*Problem:* From the line containing "Ferran Adrià, Javier" to the last line of the data, both included, transcribe each line exactly, leaving out pictures and adding nothing.

*Provided data:*
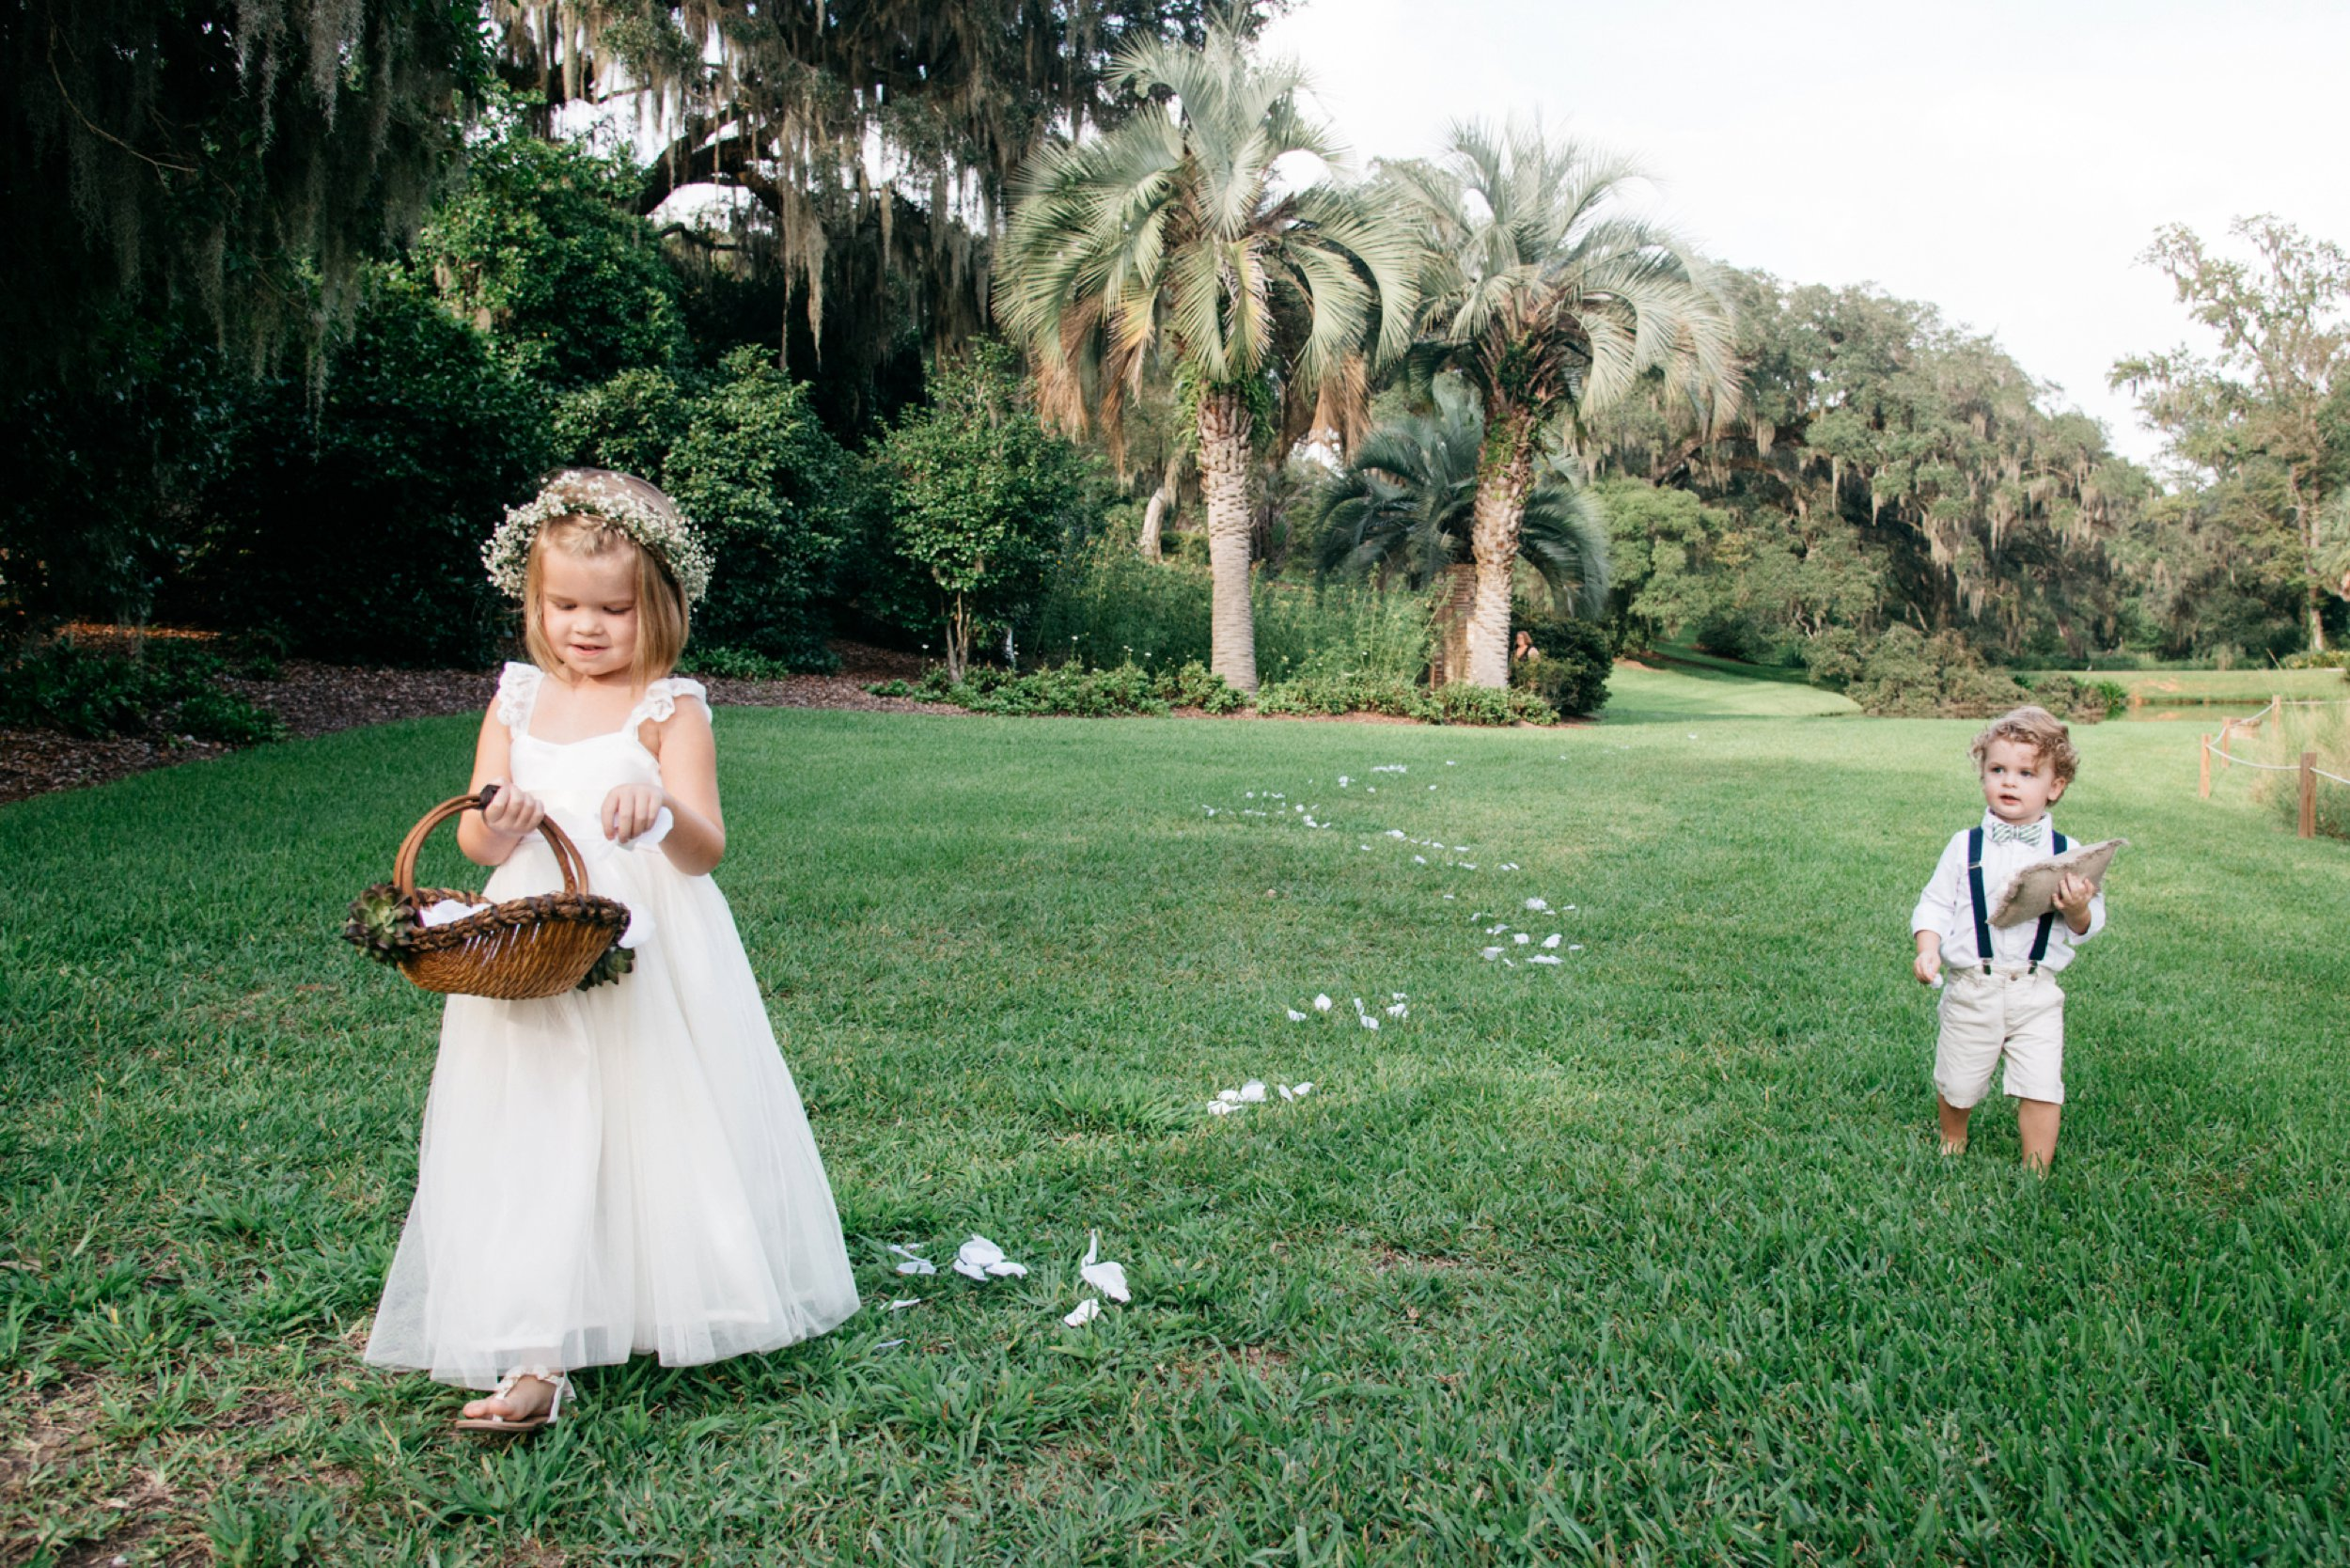 mepkin-abbey-wedding-18.jpg
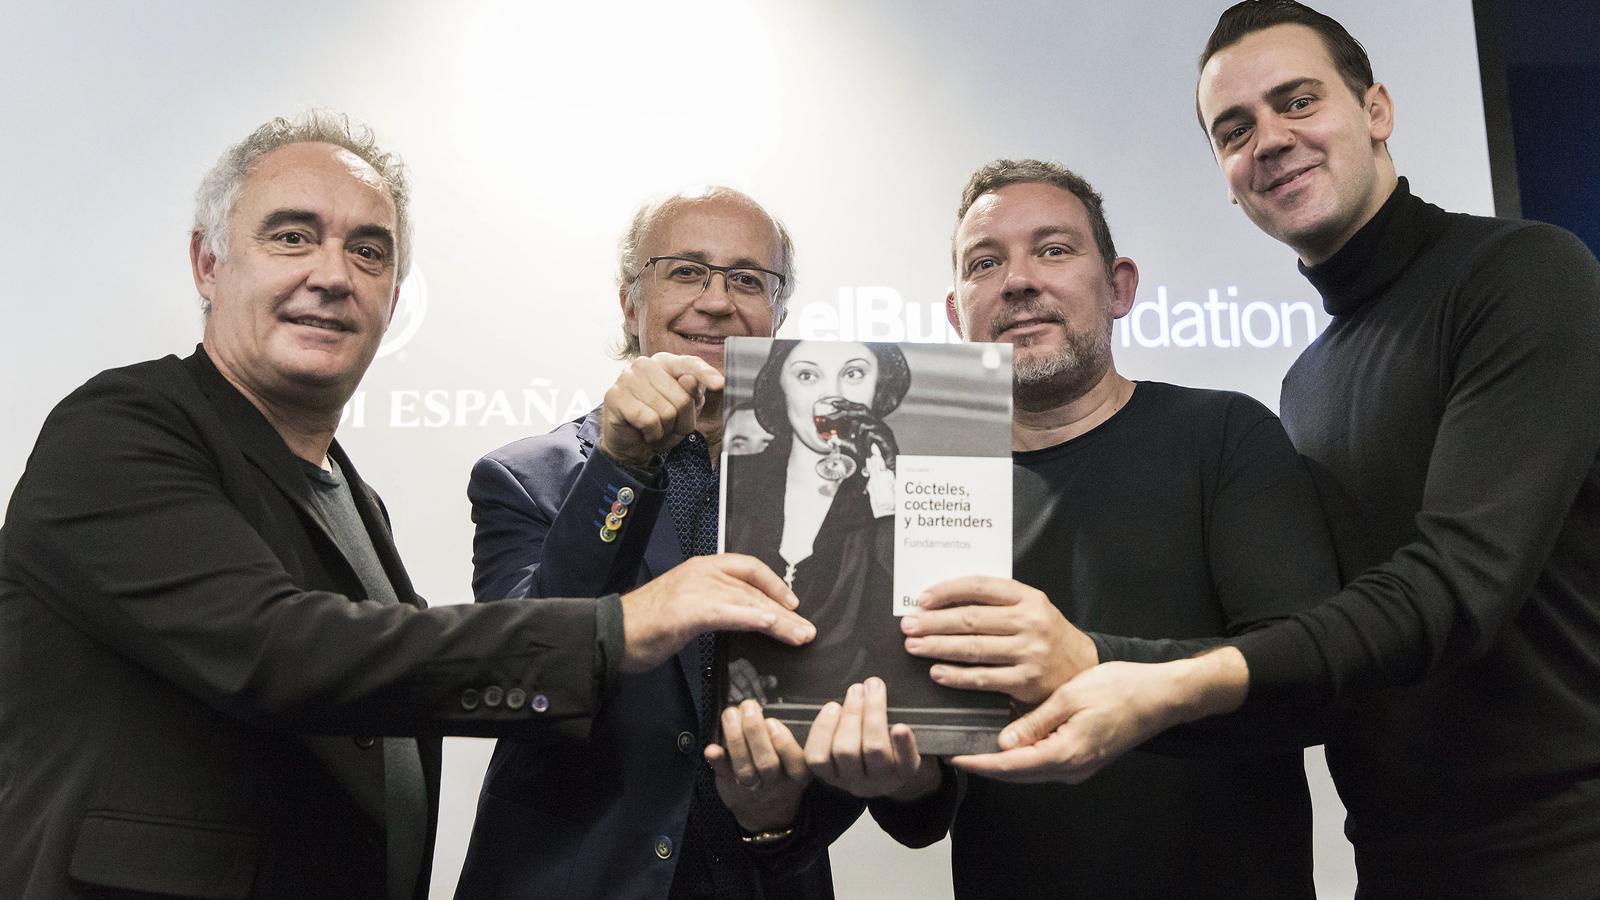 Ferran Adrià, Javier de las Muelas, Albert Adrià i Simone Caporale durant la presentació
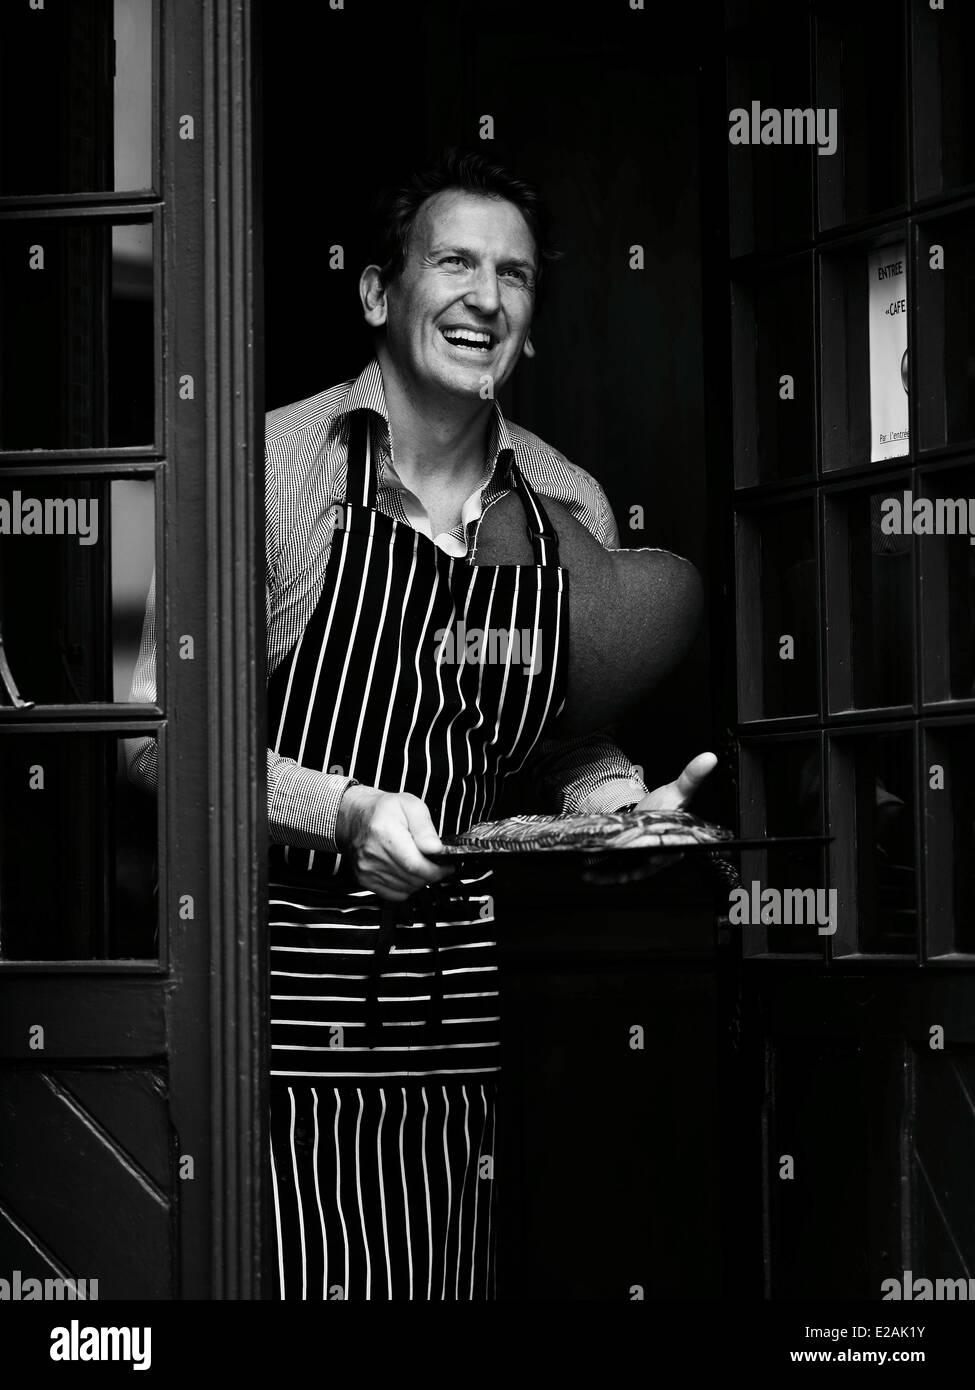 France, Alsace, feature : Felder's Alsace, Christophe Felder portrait, pastry chef Stock Photo

*Response to this exercise:*
 Ferran Adrià, Javier de las Muelas, Albert Adrià i Simone Caporale durant la presentació
 France, Alsace, feature : Felder's Alsace, Christophe Felder portrait, pastry chef Stock Photo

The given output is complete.